Stwierdzeniem - "możecie sobie nazywać jak chcecie" - potwierdzasz, że zmiany w firmie nie polegają w żadnym stopniu na dialogu i merytorycznych argumentach lecz na widzimisię i grach planszowych.
Uszanuję każdą decyzje mającą za sobą argumenty ale każdą narzuconą bez nazwę publicznie - głupotą i sabotażem firmy. Argumentami nie nazwę odpowiedzi w stylu "tak - bo tak się nam wydaje i koniec".
Białogard to nie "pępek świata" - tak samo jak IC ale stosowanie takich metod zmian i restrukturyzacji można nazwać - "zbójeckim".
Jeżeli to odbędzie się za akceptacją zz to znaczy, że trzeba być niereformowalnym idiotą aby być człowiekiem popierającym takie metody postępowania.
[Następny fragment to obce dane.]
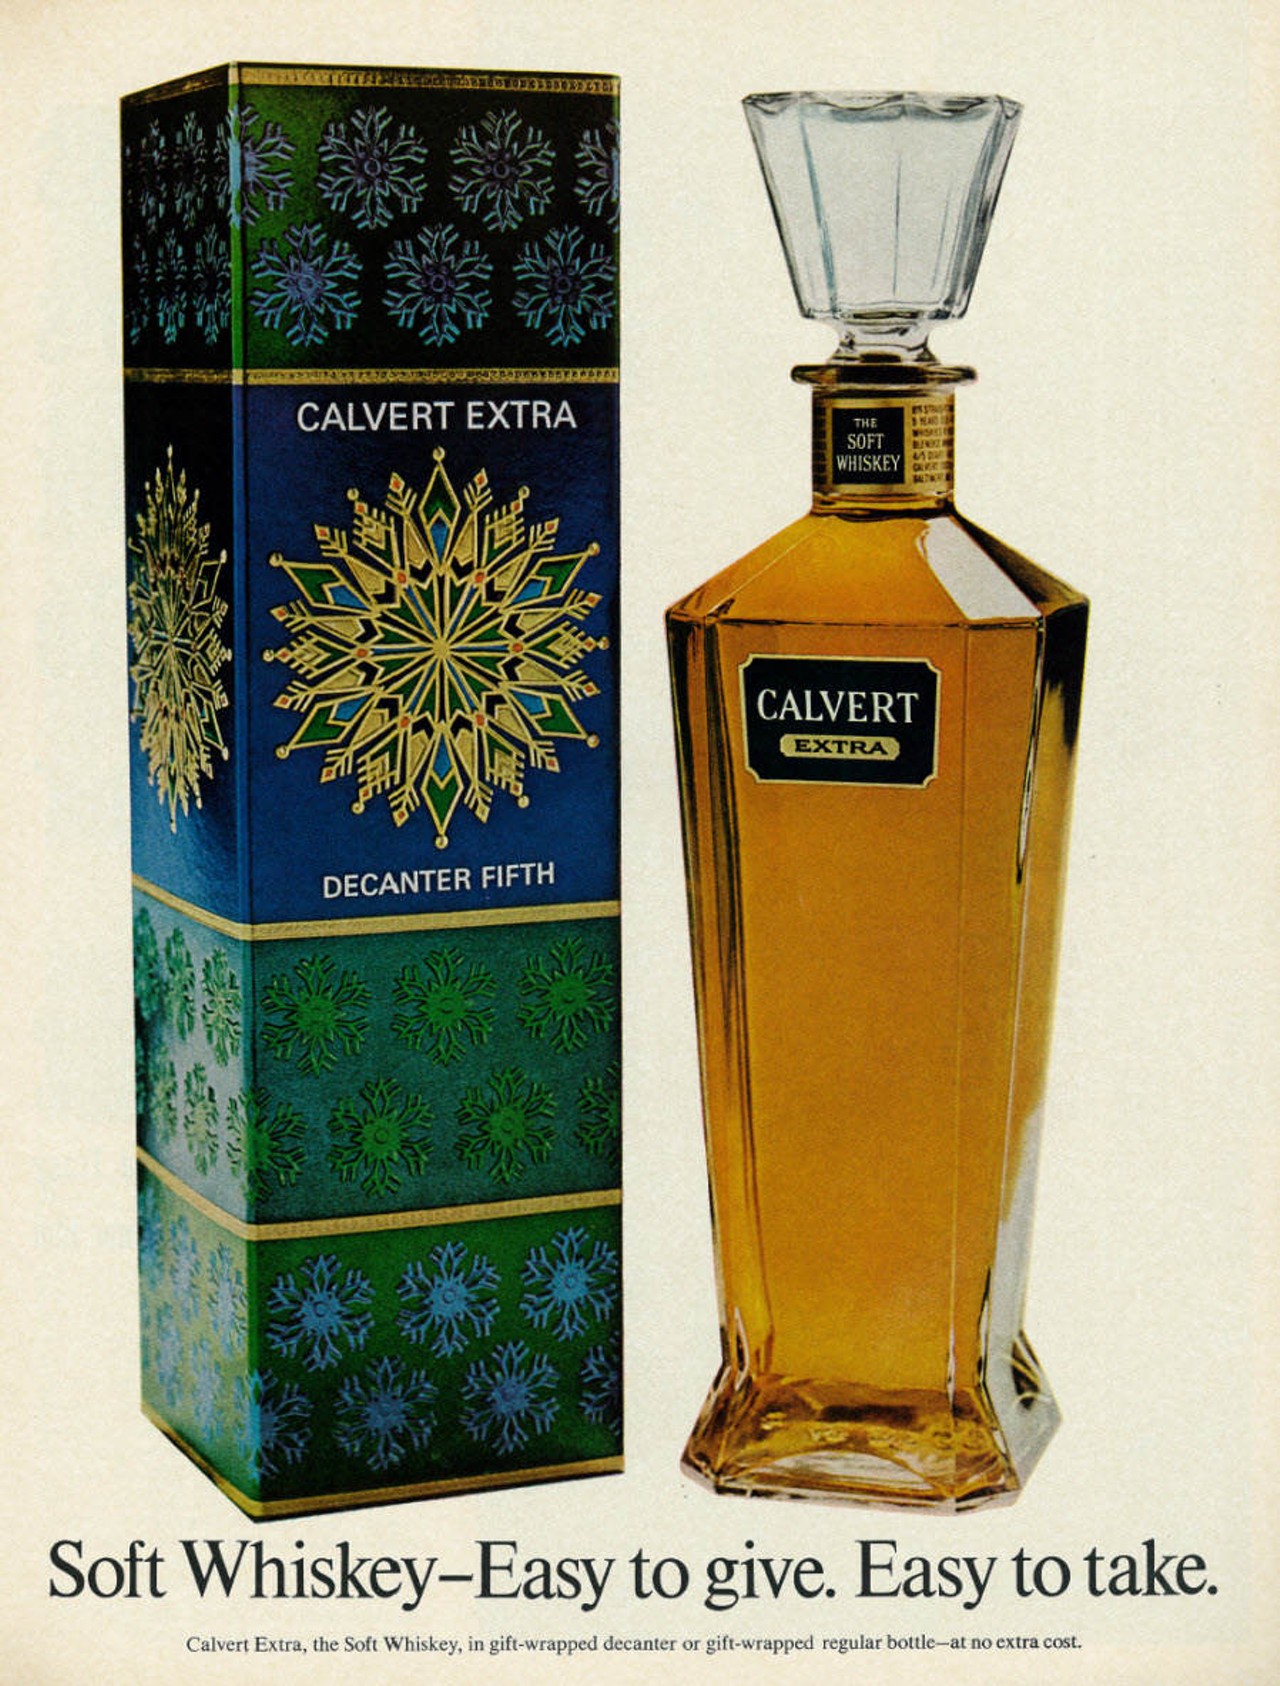 Calvert Extra Soft Whiskey & Gift Glass Decanter, 1968

Ja wypisałbym sie tego samego dnia kiedy dotarły by do mnie takie sprawdzone informacje.
Ciekawy jestem kiedy w takim wypadku dojdzie do planowanego "przetrzepania" administracji w Szczecinie?
Jeden naczelnik chyba wystarczy?
Kiedy w ramach ograniczenia kosztów powędrują na Łęgi?
Może pracować w aluminiowym baraku monter -rewident - sprzątacze, mogą i inni!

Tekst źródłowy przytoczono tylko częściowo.